Try it:
When you reach a picture, skip it, and retype every line below exactly.

Input data:
........

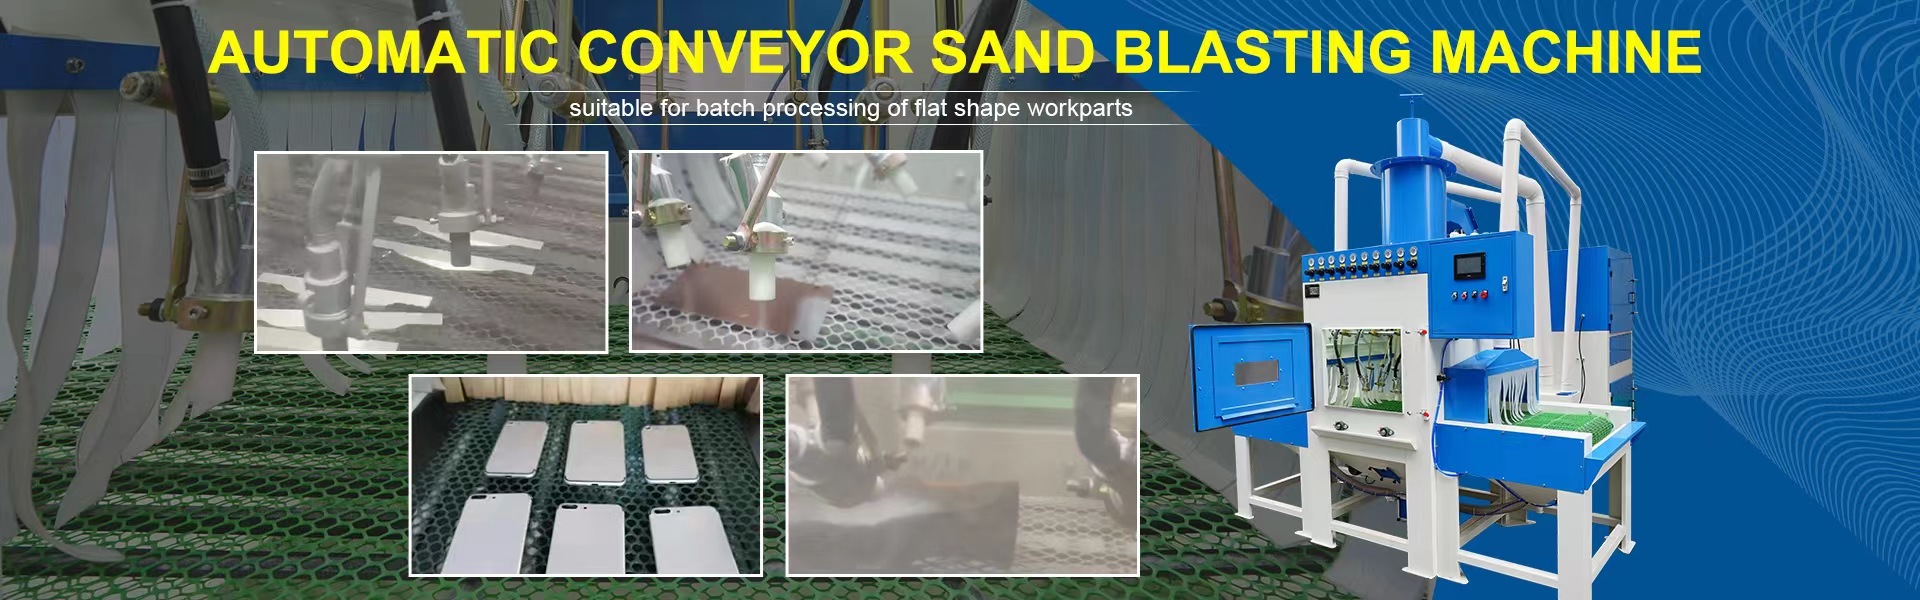 conveyor sand blasting machine
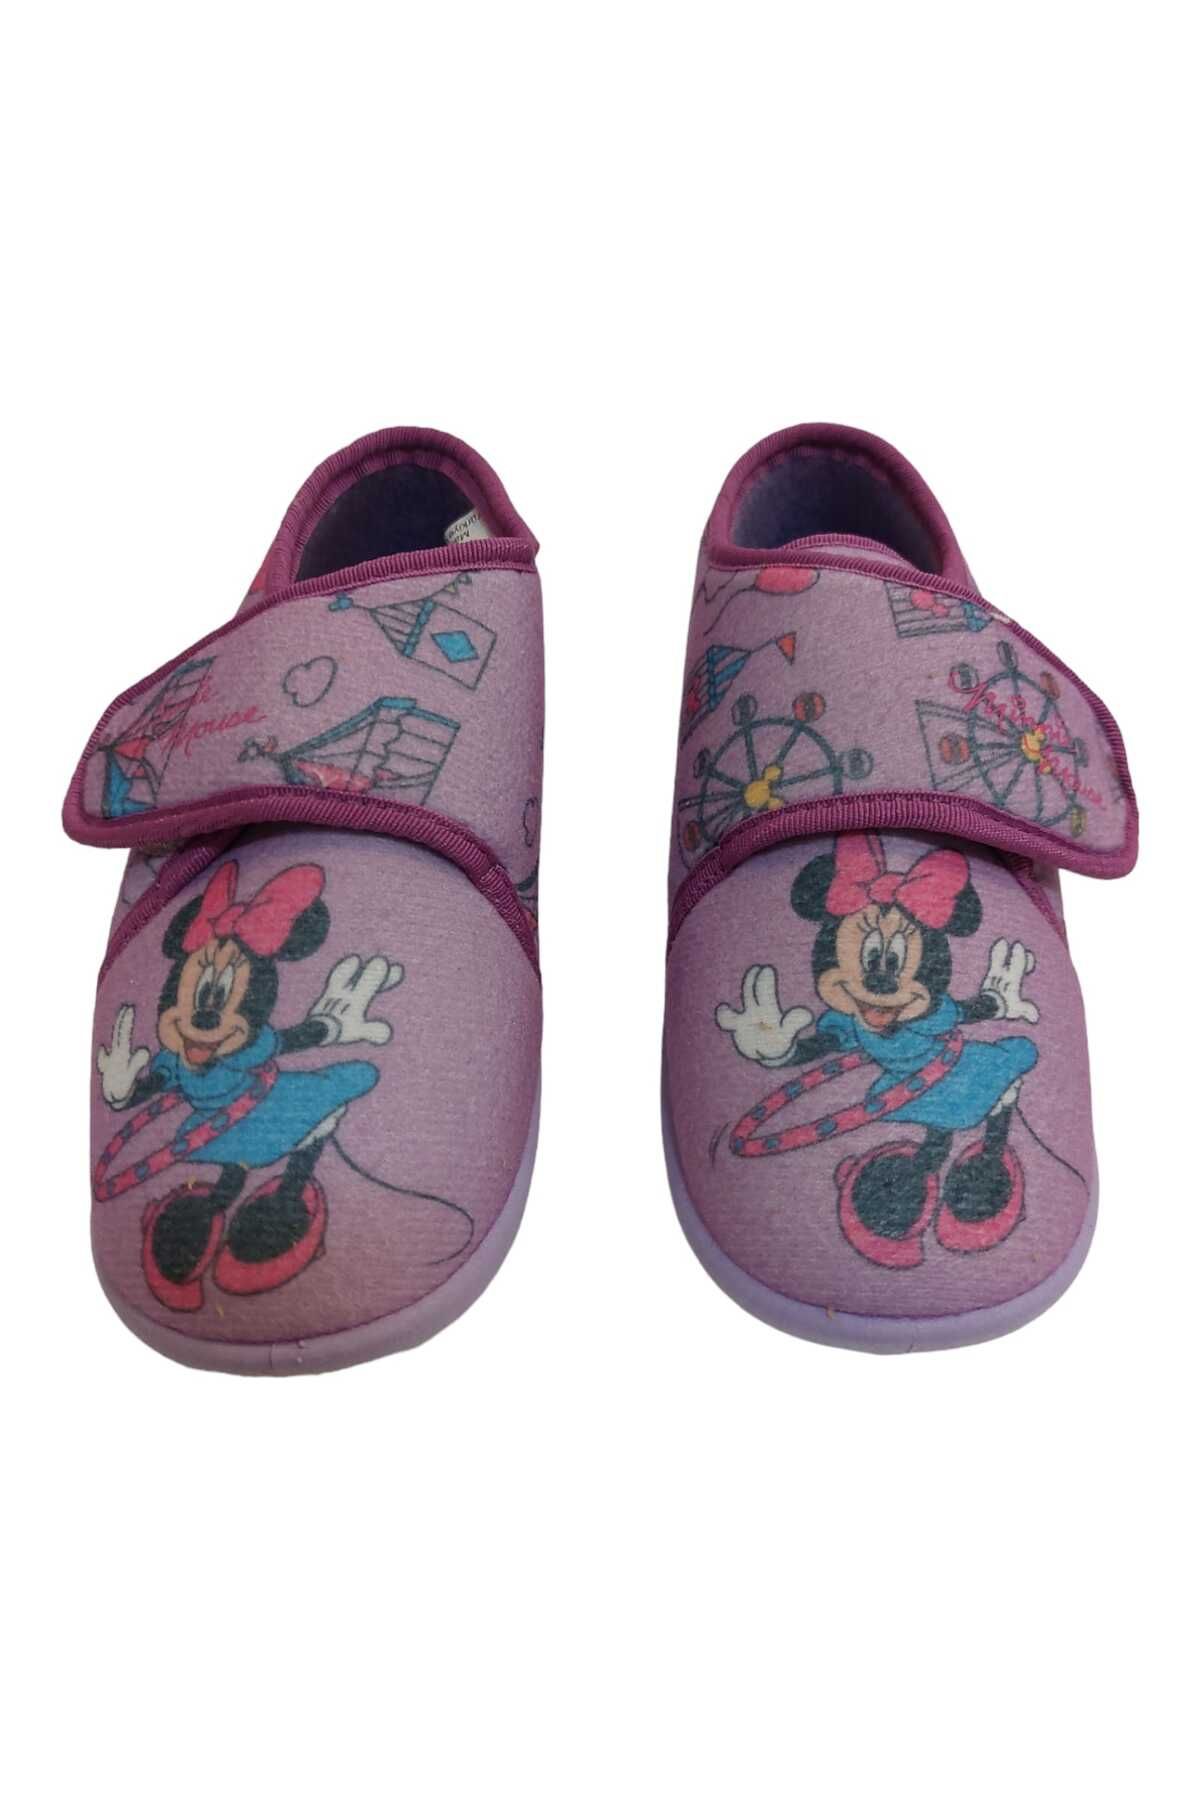 DİSNEY Minnie Mouse Kız Çocuk Panduf 26-29
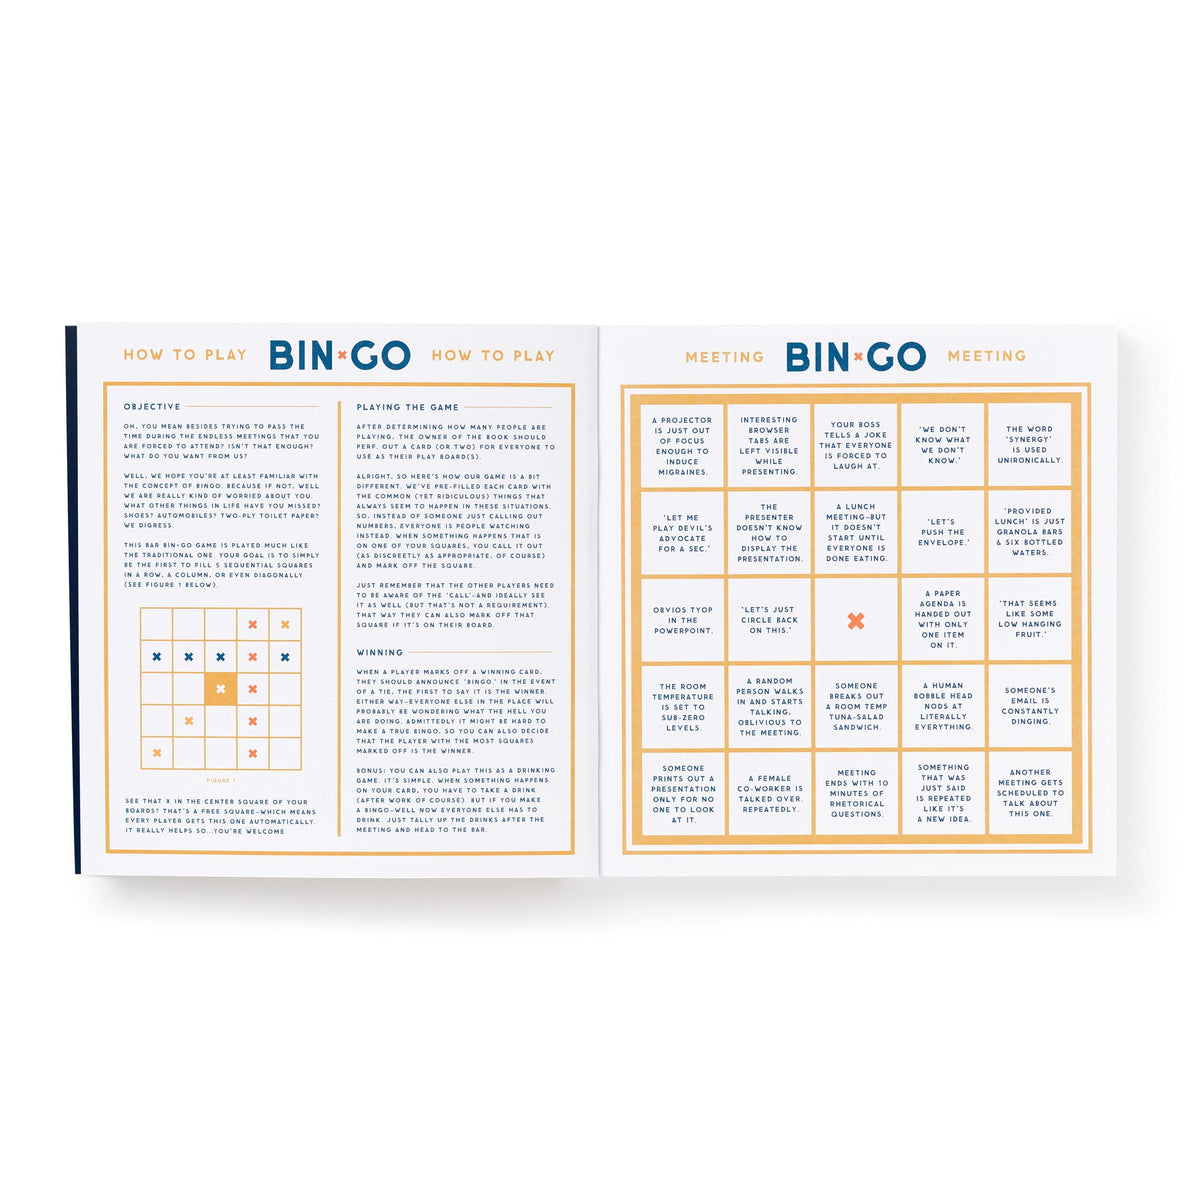 Bin-go To A Dumb Meeting Bingo Book Brass Monkey

........

Reply:
 conveyor sand blasting machine
 DİSNEY Minnie Mouse Kız Çocuk Panduf 26-29
 Bin-go To A Dumb Meeting Bingo Book Brass Monkey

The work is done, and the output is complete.